Apparently I’m not the only one who has been discomforted by this.
She reminded me of my own friends who struggled with what to name their daughter’s genitals, and blanched at “vulva”, which is the correct name.
To be blunt, I get annoyed at this. I have to remind myself that the cultural learning that makes sexuality education and even the acknowledgement of childrens’ genitals so fraught is long-standing and powerful. These really are well-meaning folks, and their fears of being judged are not unfounded.

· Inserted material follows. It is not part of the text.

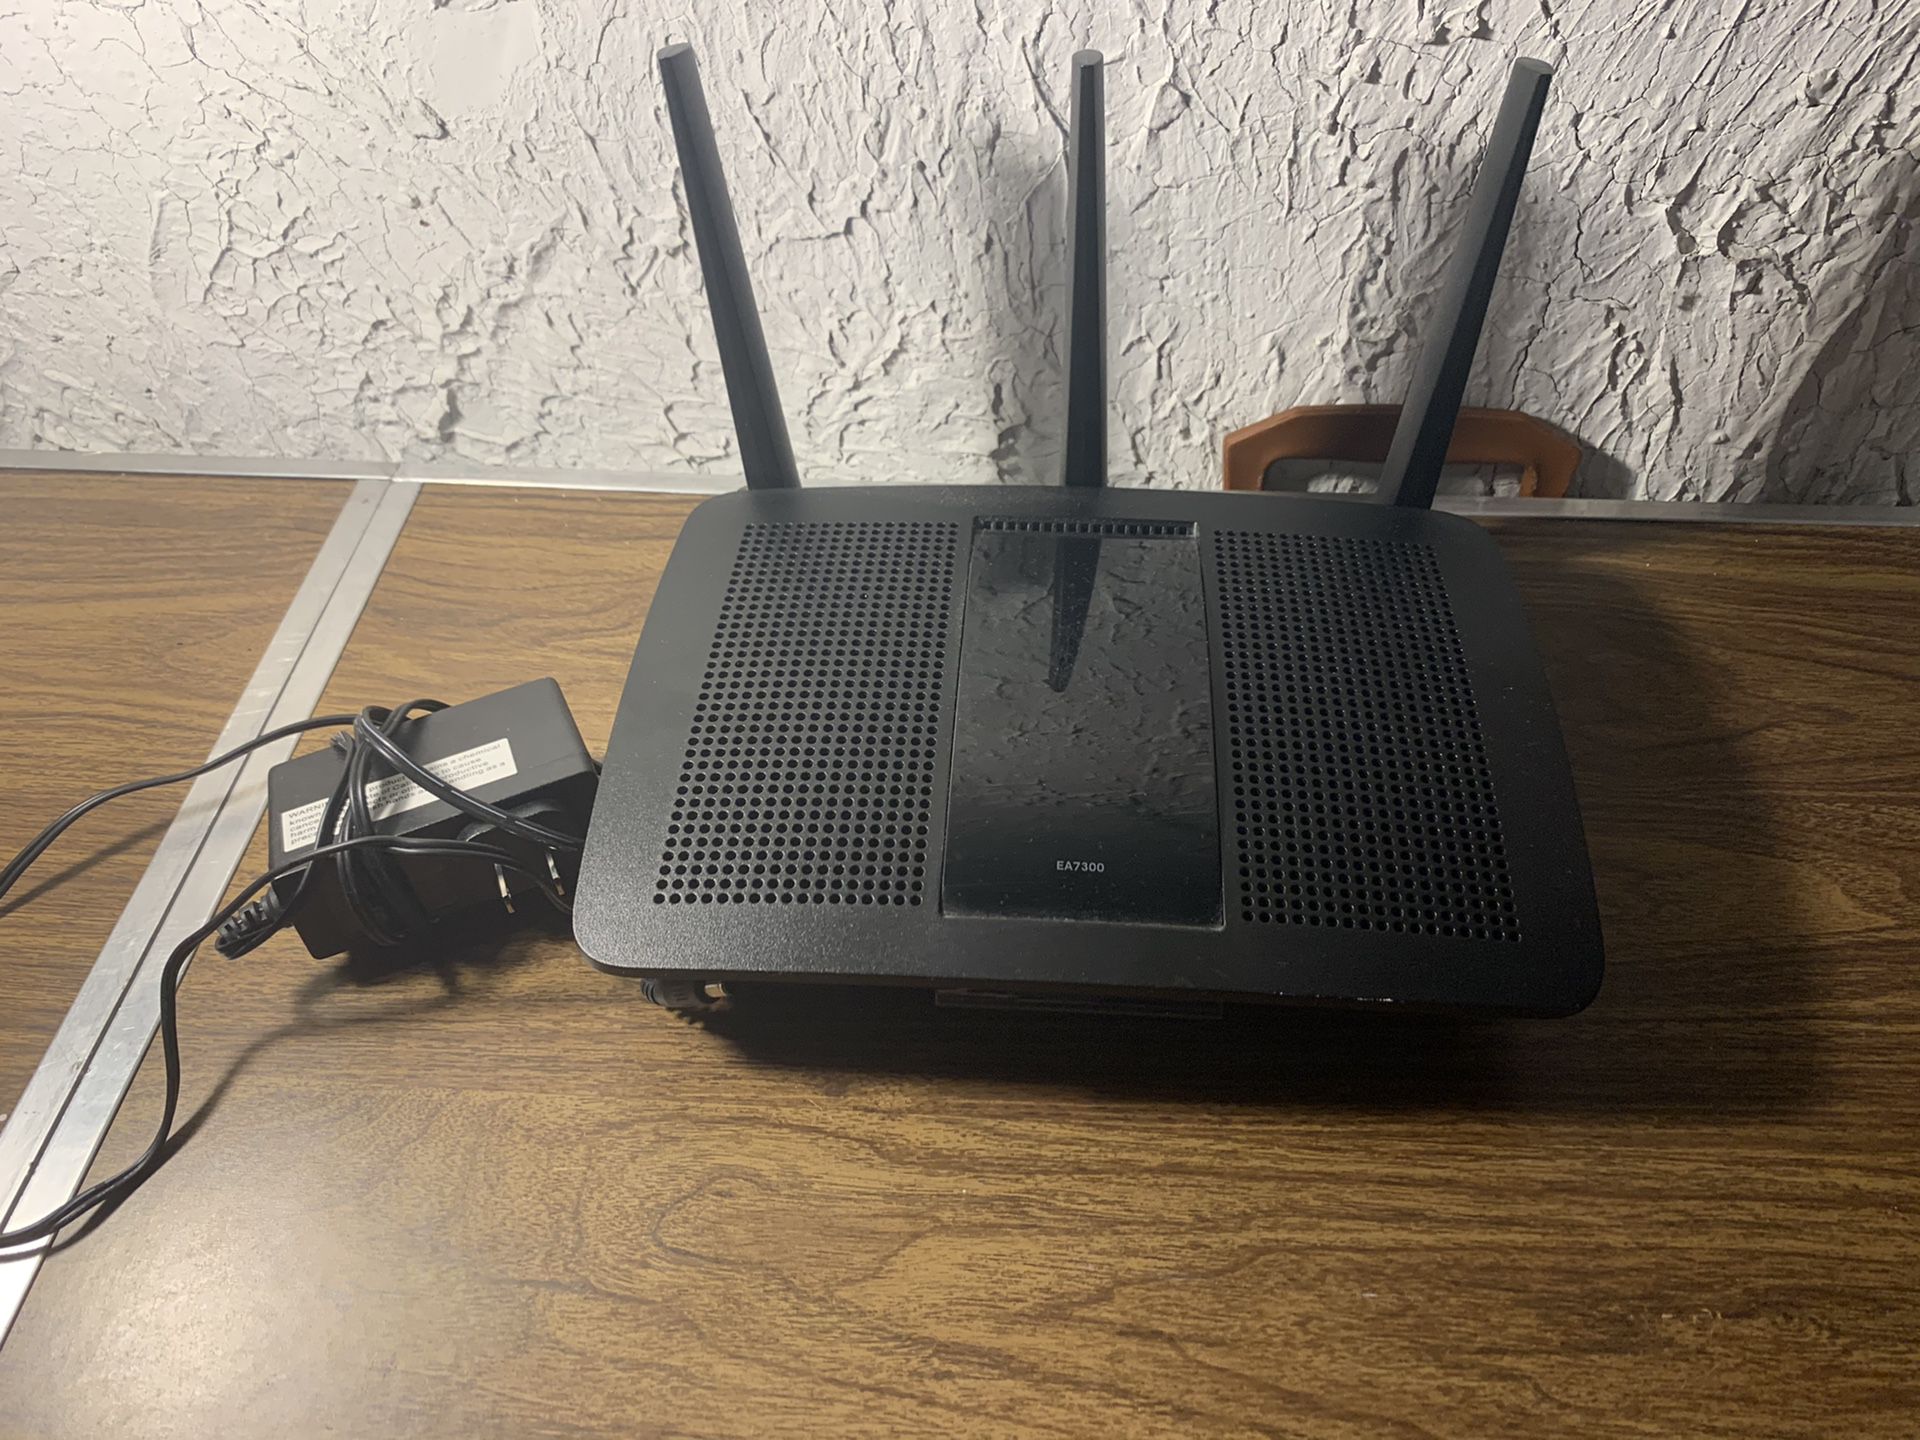 Linksys AE7300 Home Router

Finally, though, I think squeamishness is only part of the problem. The other aspect, as I see it, is that sexuality education is too often seen as a piecemeal solution to specific informational deficits. The problems are STIs, unplanned pregnancy, ignorance of reproductive biology, etc. The solutions are to address those subjects narrowly. That’s the wrong way to go about it.
Our sexuality is part of our personhood. Each of us has a sexuality, whatever form it takes (including asexuality). We start as children, but we end up as adults. In between, we go through a maturation process. We don’t go to sleep as children one morning and wake up fully realized sexual adults the next.

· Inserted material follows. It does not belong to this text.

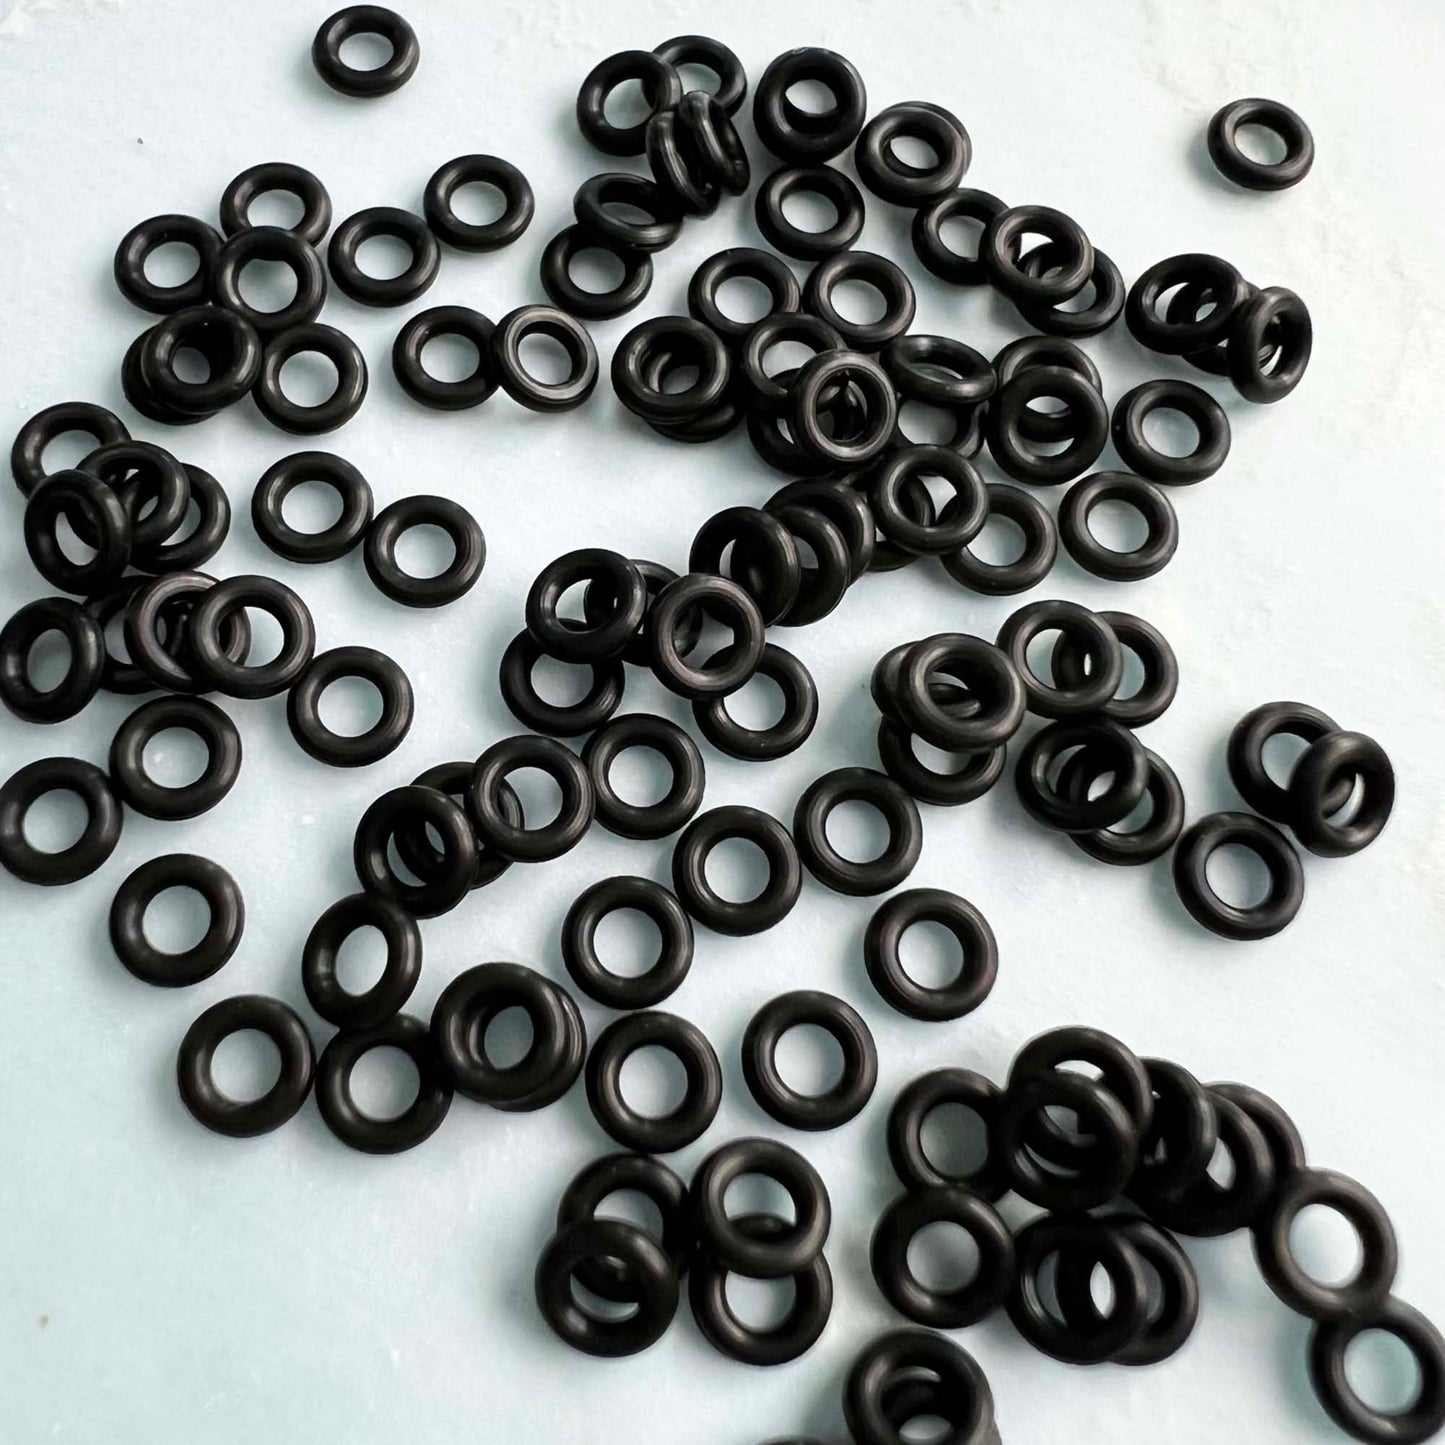 6.5mm Rubber O-Rings (ID: 3.5mm) - choose color

We also go through a physical maturation process. We don’t go to bed in the bodies of third graders and wake up in our adult bodies. We grow into ourselves in fits and starts, we have our uncoordinated and awkward phases as we transform. (And we never fully stop transforming; our bodies at 25 are not our bodies at 45 or 65.) Our sexuality, physical and mental and emotional, develops. We gain our understanding a bit at a time.
The purpose of sexuality education is to connect the child to the adult over time, and to participate in that transformation: by imparting information, and by instilling values.
If we want our children to value consent, we should participate in teaching that. If we want our children to understand their bodies, we should participate in teaching that. If we want our children to have a model for good decision making around sex, we should participate in giving them that. The key, in my view, is not to think in discreet pieces, but to picture the adults we would like our children to be, and to try our best to set them on the course to get there. Isn’t that how we teach everything else? Or, at least, how we should?